_What is expected_: An exact copy of the listing below is the answer, with the pictures removed.

_Supplied information_:

★ ★ ★

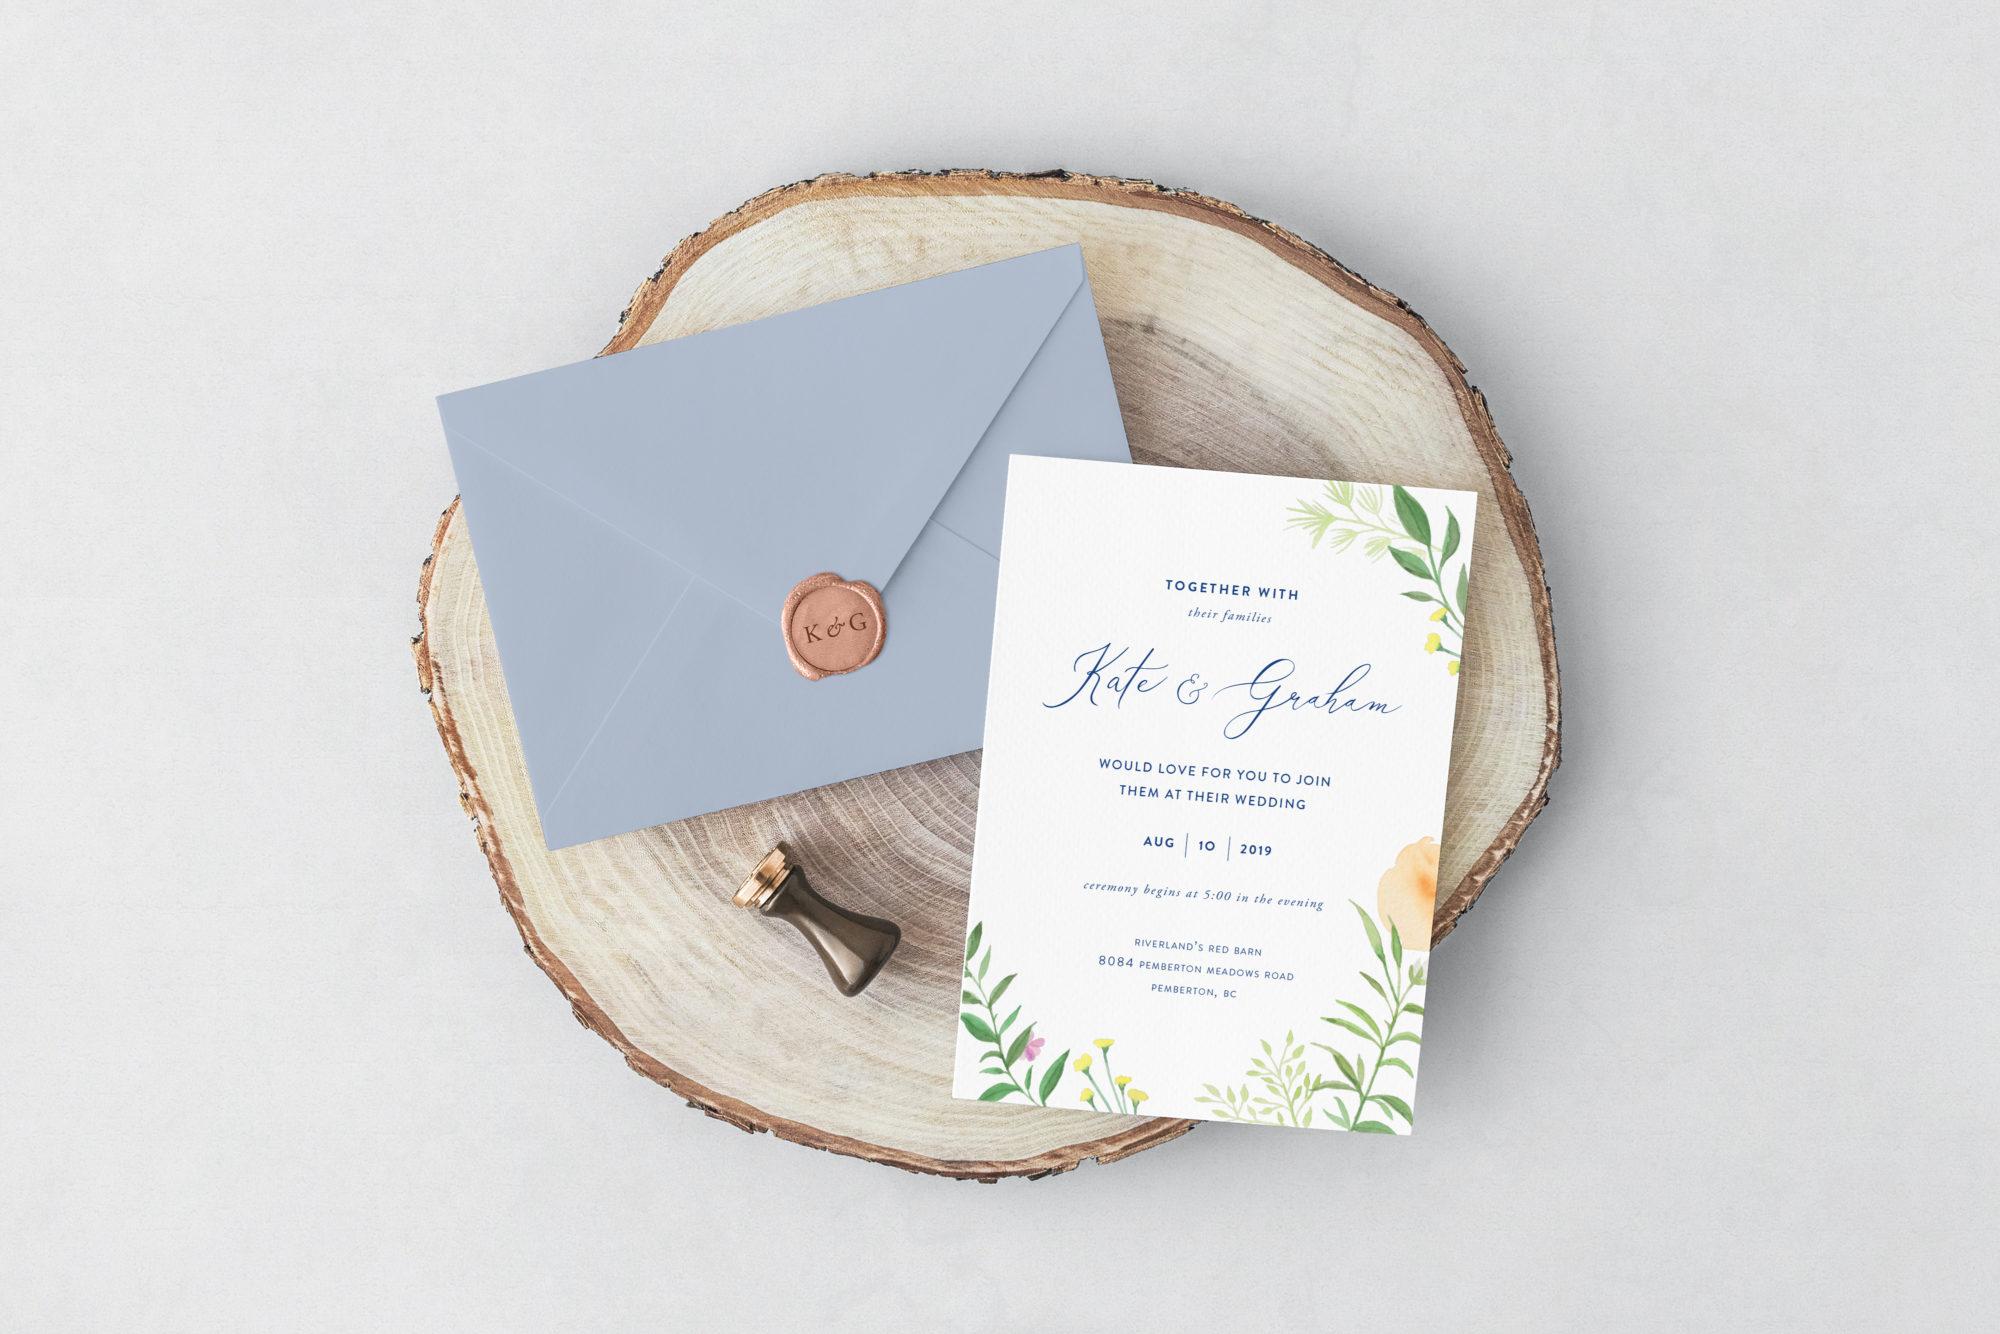 Free Invitation Card & Envelope
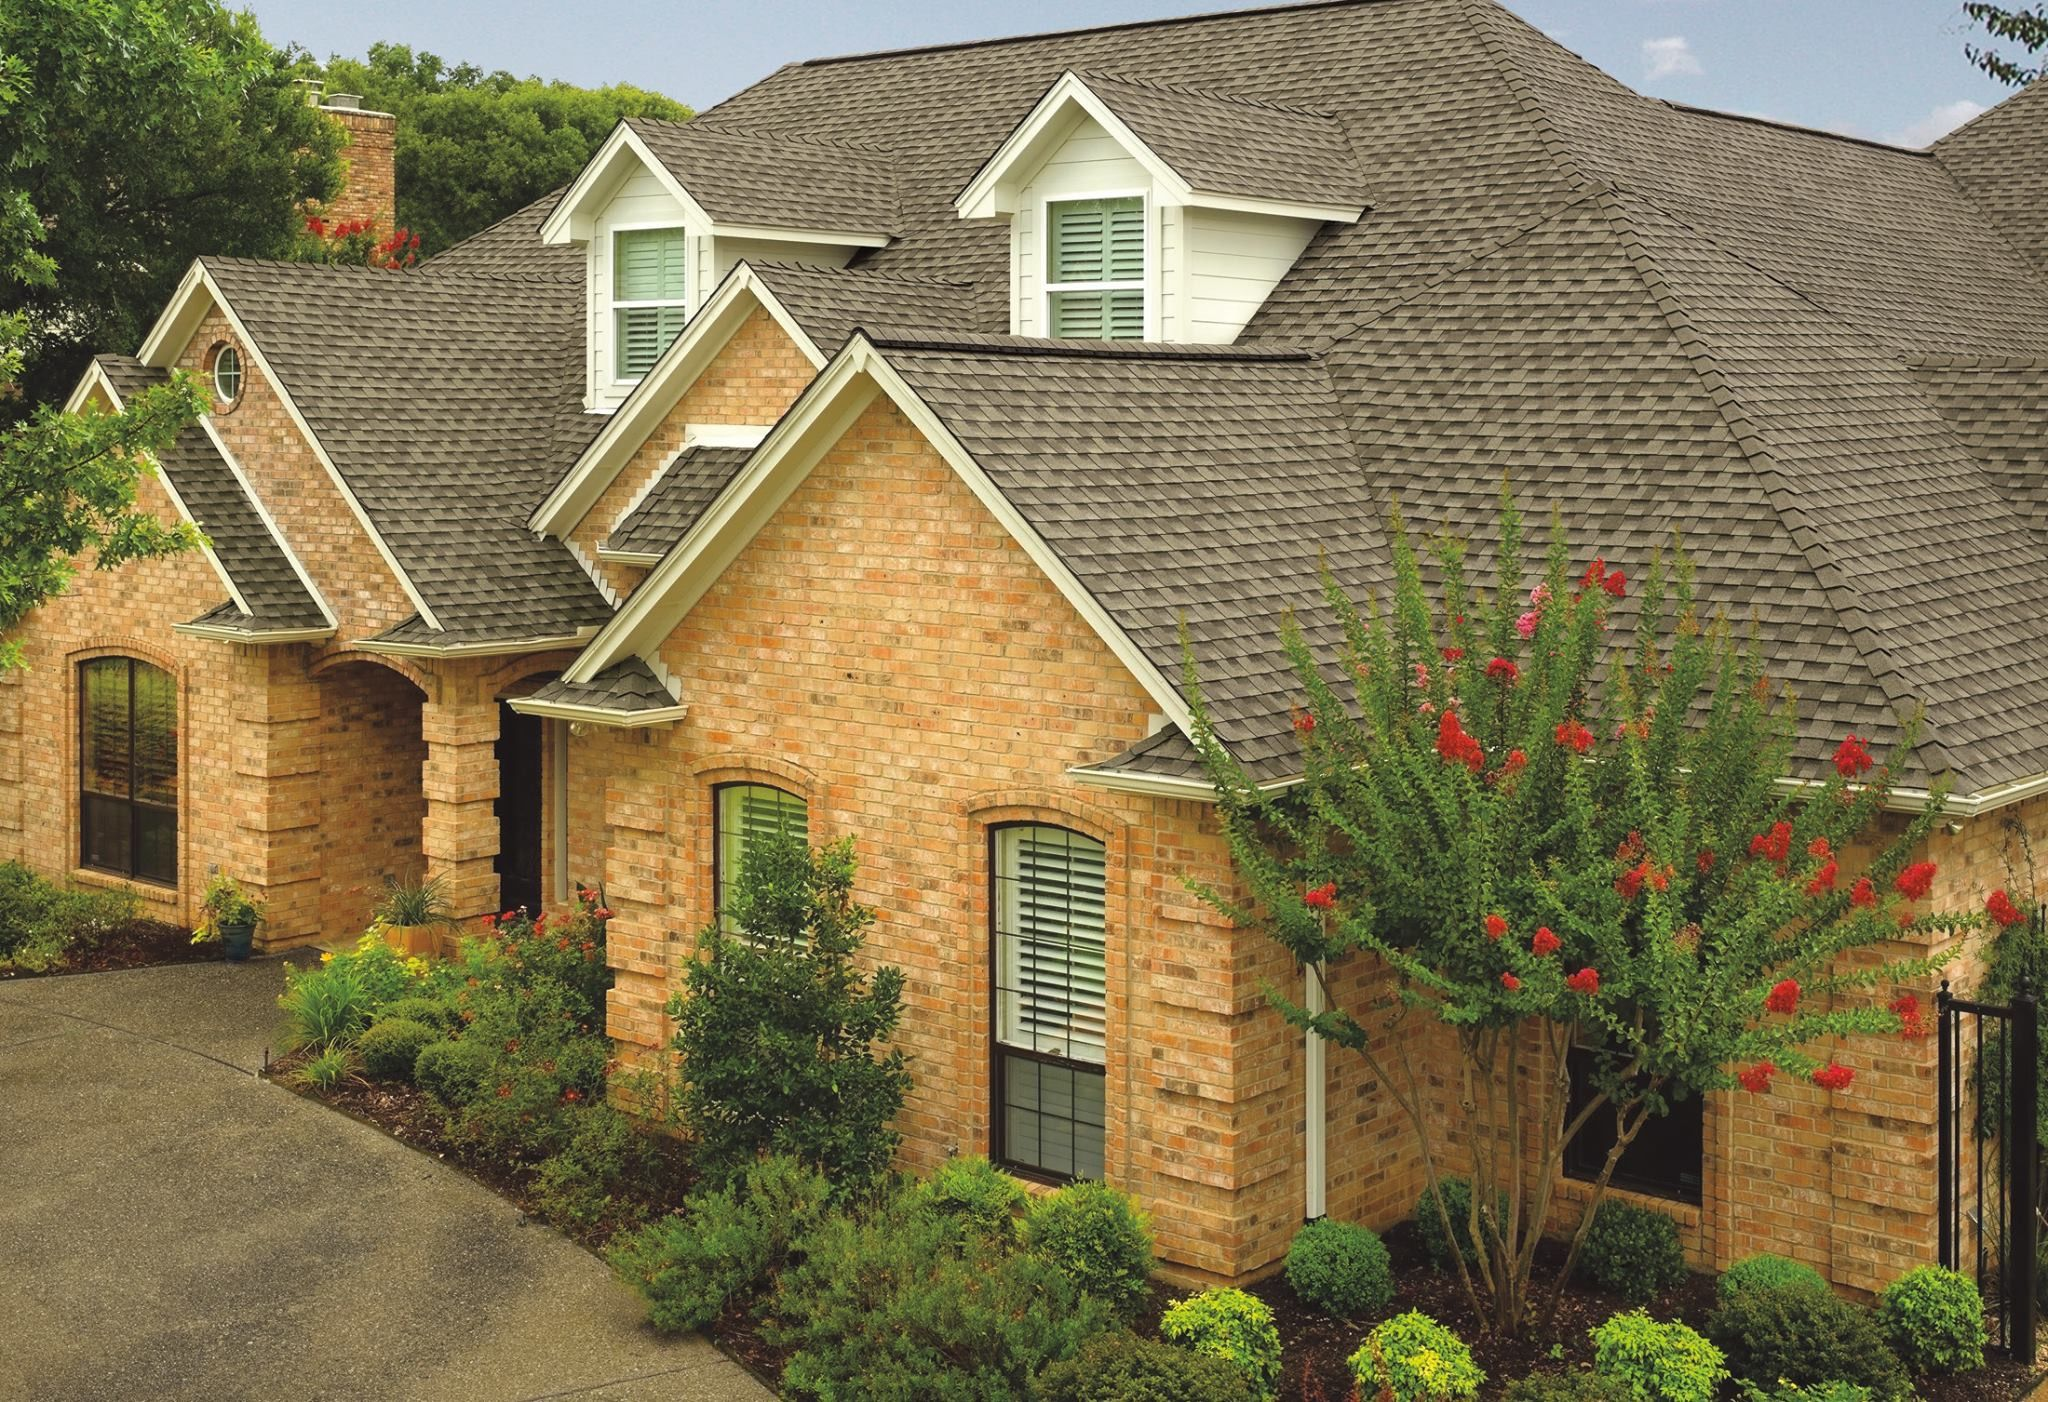 Okc Okcroof Bestofokc Bestroofokc Bestroof Oklahoma Roof Roofer Newroof Slate Roof Shingles Roof Shingles Roofing
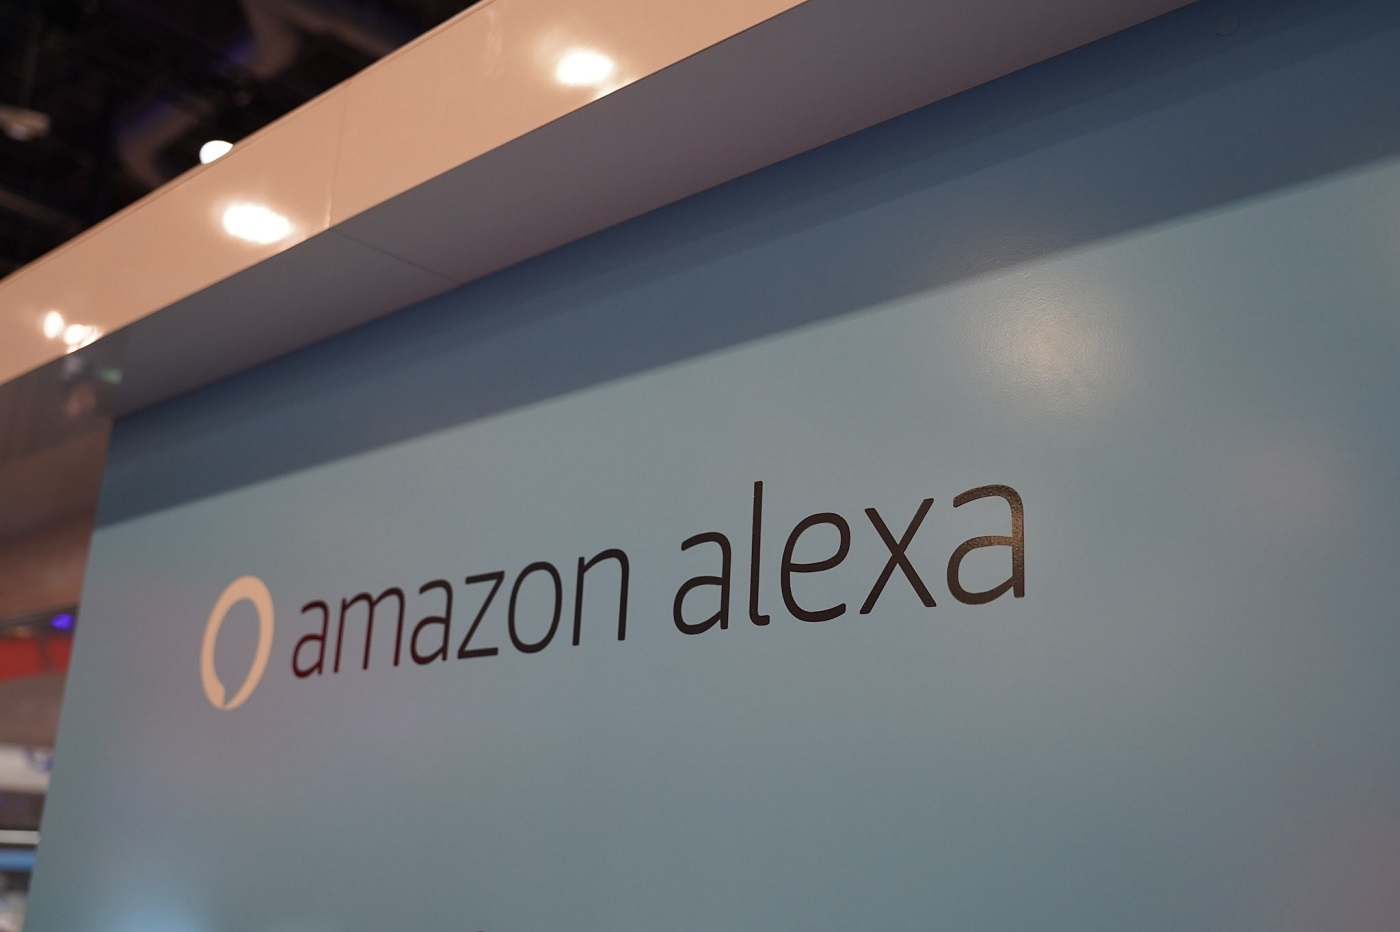 Le logo d'Amazon Alexa au CES 2020 de Las Vegas (Amazon Echo)

★ ★ ★

_Result of this task_:
 Free Invitation Card & Envelope
 Okc Okcroof Bestofokc Bestroofokc Bestroof Oklahoma Roof Roofer Newroof Slate Roof Shingles Roof Shingles Roofing
 Le logo d'Amazon Alexa au CES 2020 de Las Vegas (Amazon Echo)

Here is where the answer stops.